THE TOXIC gas leak which killed 13 port workers and seafarers in Port of Aqaba, Jordan last week “should never have happened in the first place”, according to the International Transport Workers’ Federation.
On Monday 27 June, a 25-tonne storage tank containing chlorine gas was dropped onto the deck of a ship as it was being loaded for export to Djibouti.
The ITF identified the vessel as FOREST 6, a Hong-Kong flagged cargo vessel. The union said a cable on the dockside crane had snapped, causing the tank to drop and rupture on hitting the deck.
More than 250 people were injured in the incident in addition to those who were killed.

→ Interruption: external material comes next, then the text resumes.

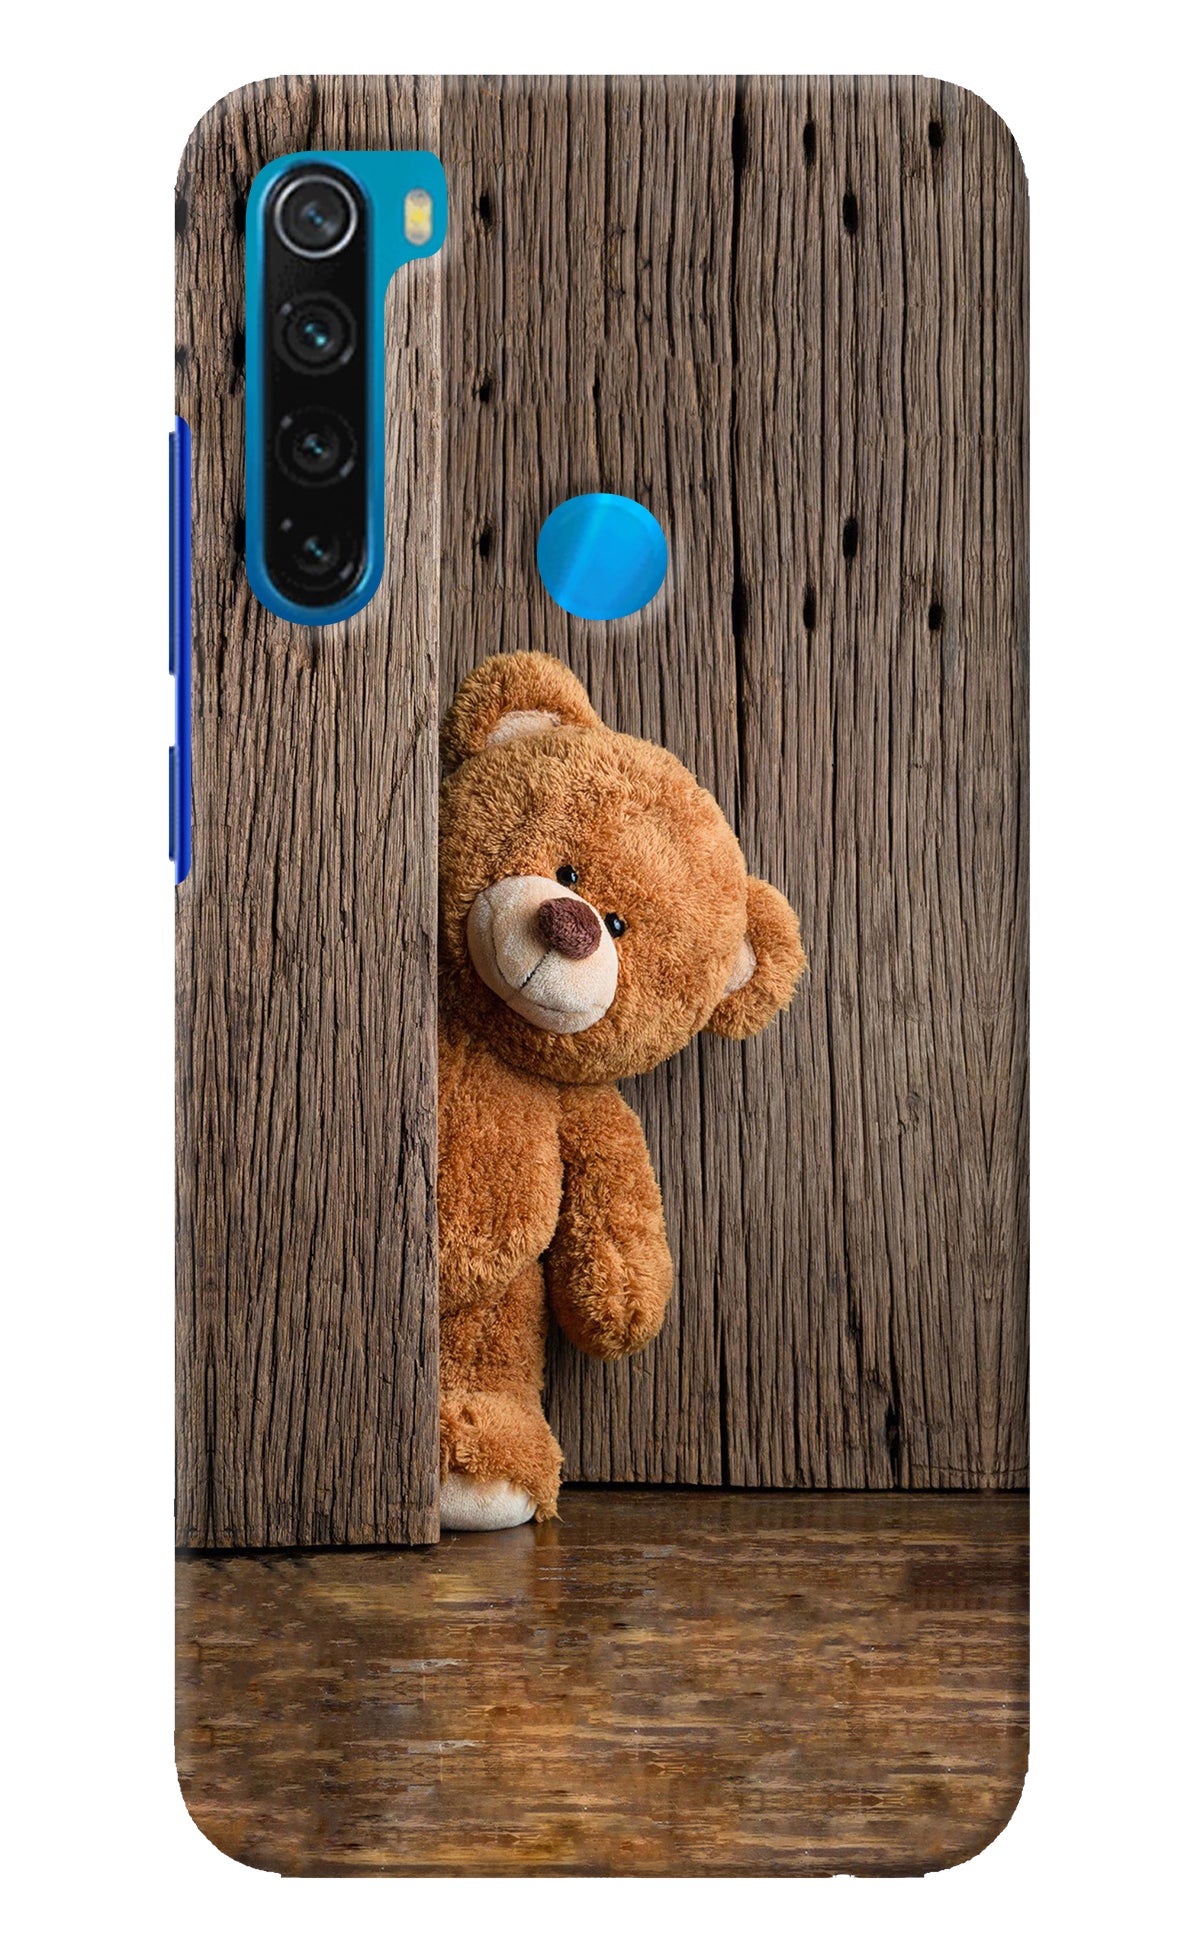 Teddy Wooden Redmi Note 8 Back Cover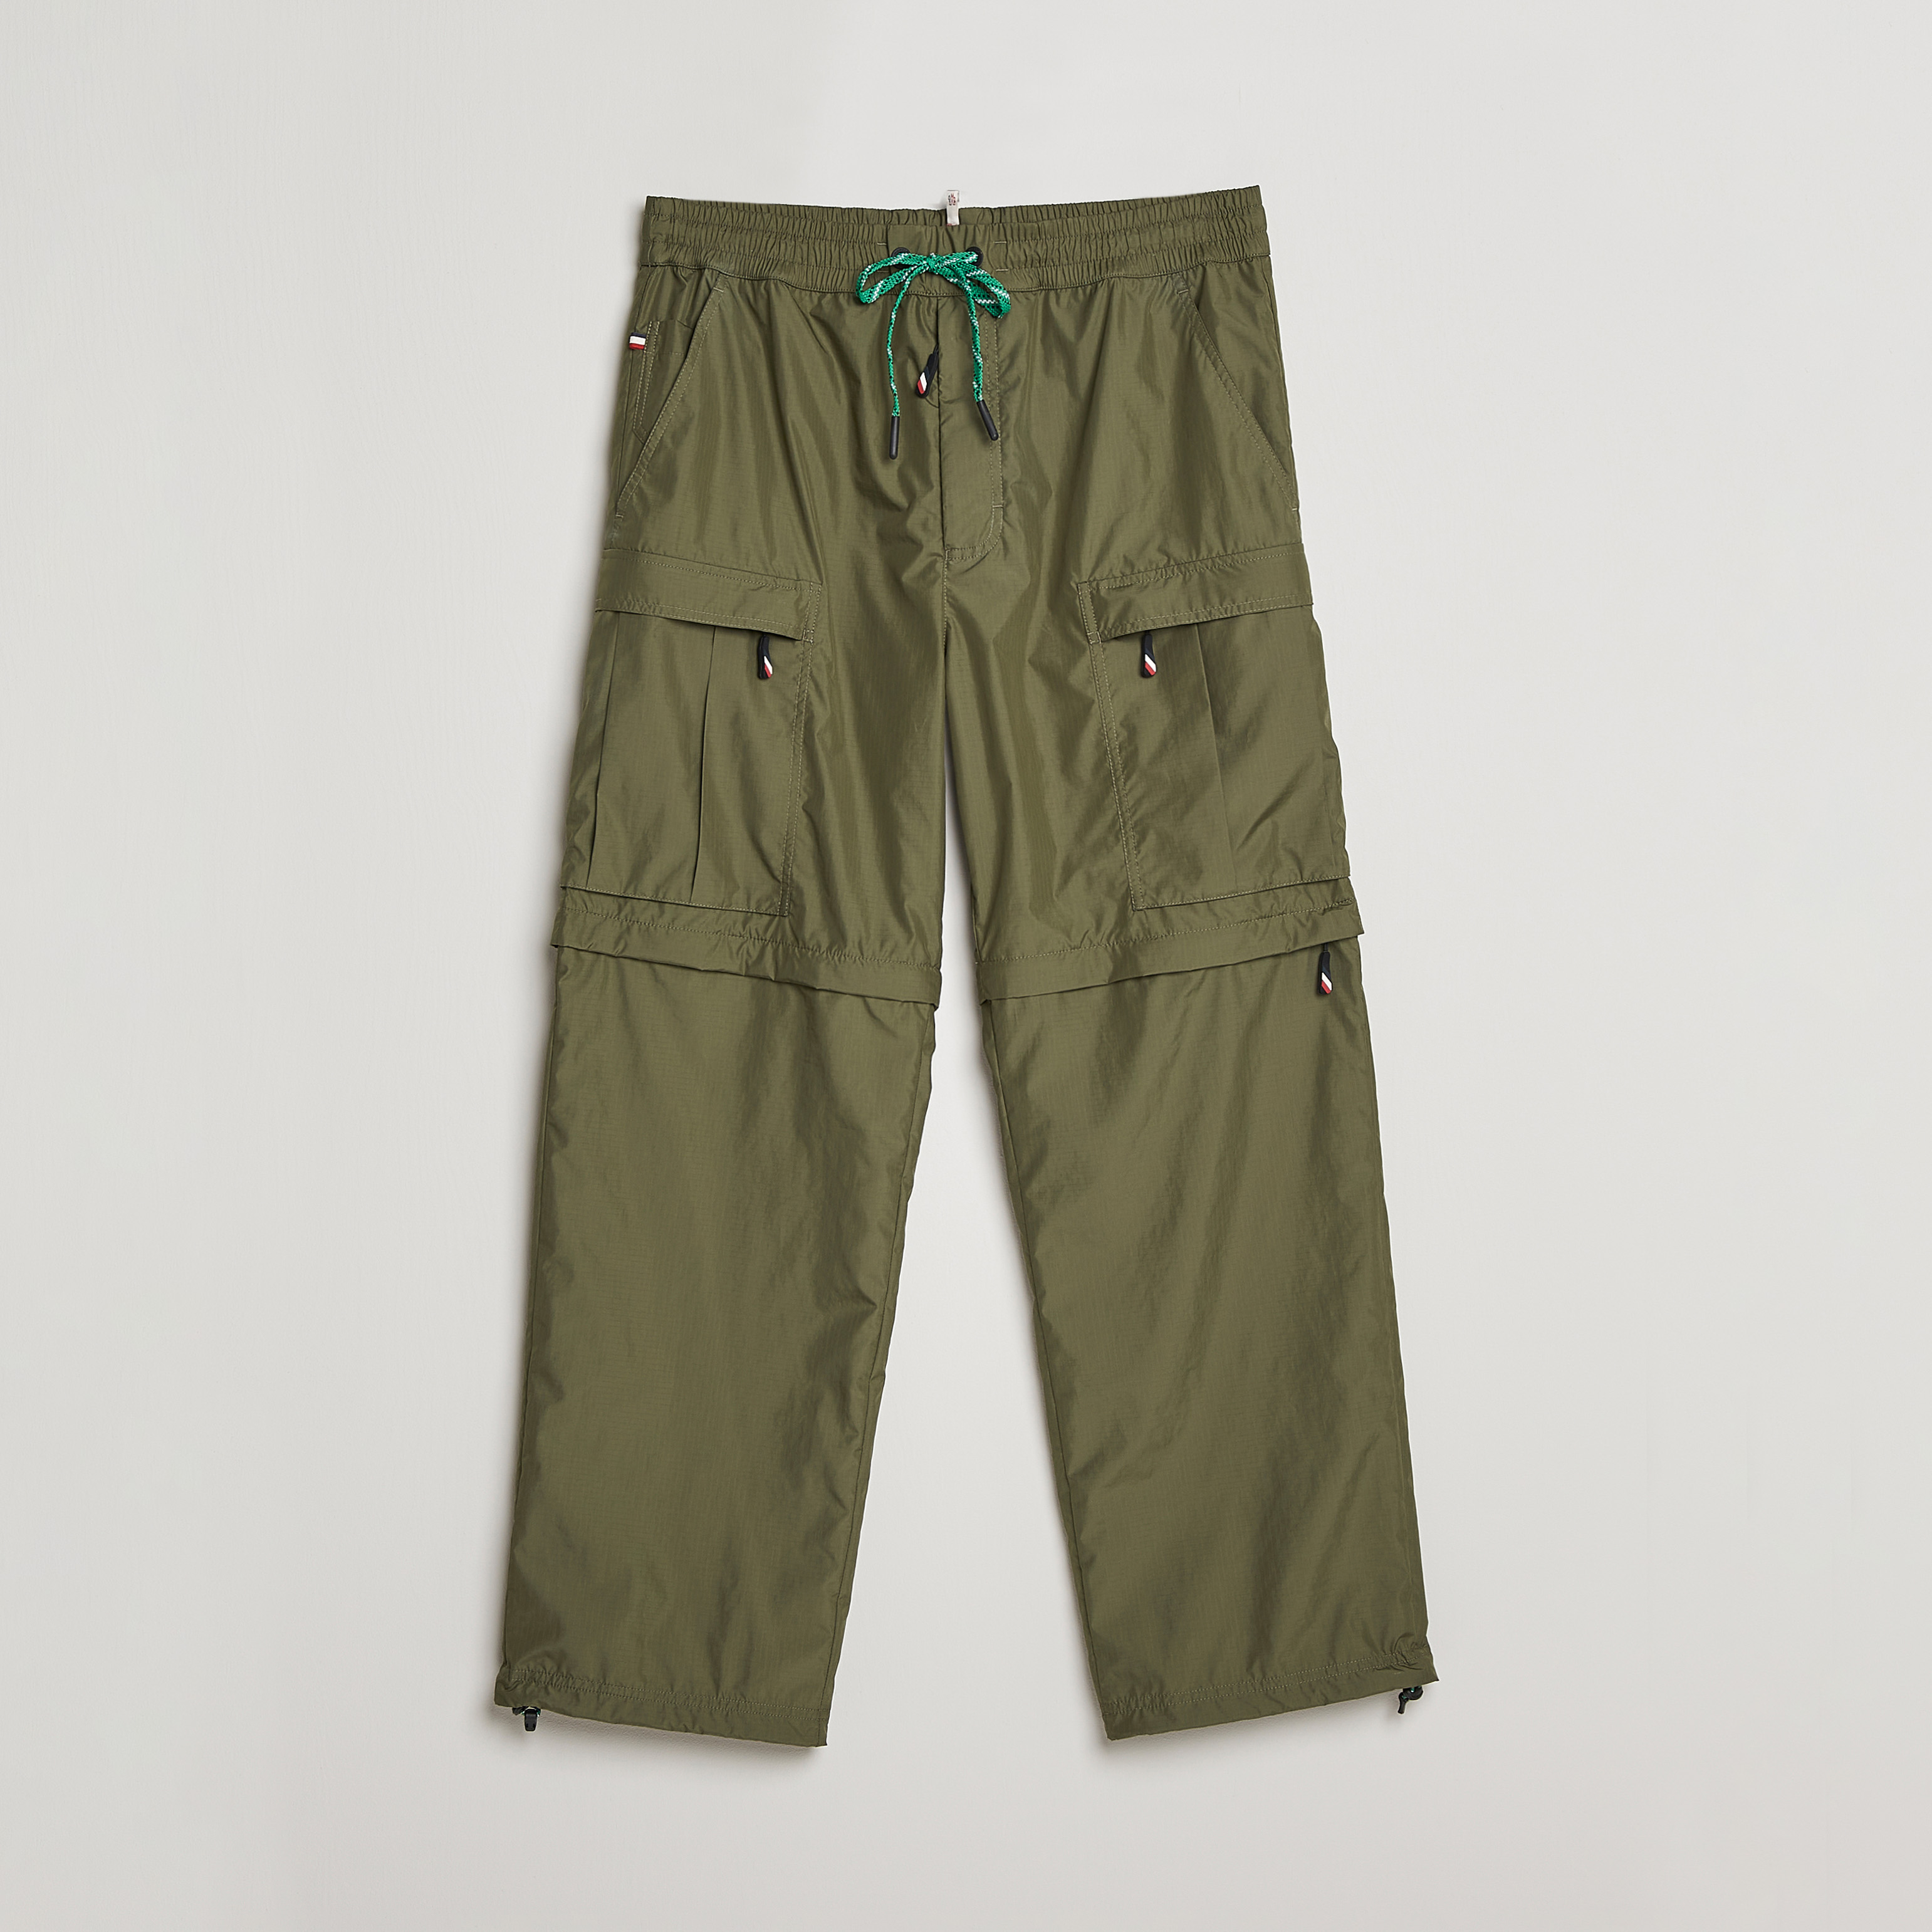 Moncler Grenoble Zip Off Cargo Pants Olive at CareOfCarl.com

ITF said nine of the people who died were port workers, and four are believed to be Chinese seafarers, whose bodies have already been repatriated.
The ITF Seafarers’ Trust has reportedly made a US$55,000 emergency grant to enable local unions to support the families of those who were killed or are in a serious condition.
ITF said the affected port workers’ union, the General Union of Port Workers of Jordan, will work to distribute the funds to those most in need.
David Heindel, chair of the ITF Seafarers’ Trust and Seafarers’ Section, said the thoughts of the global maritime community are with those in Aqaba and their loved ones.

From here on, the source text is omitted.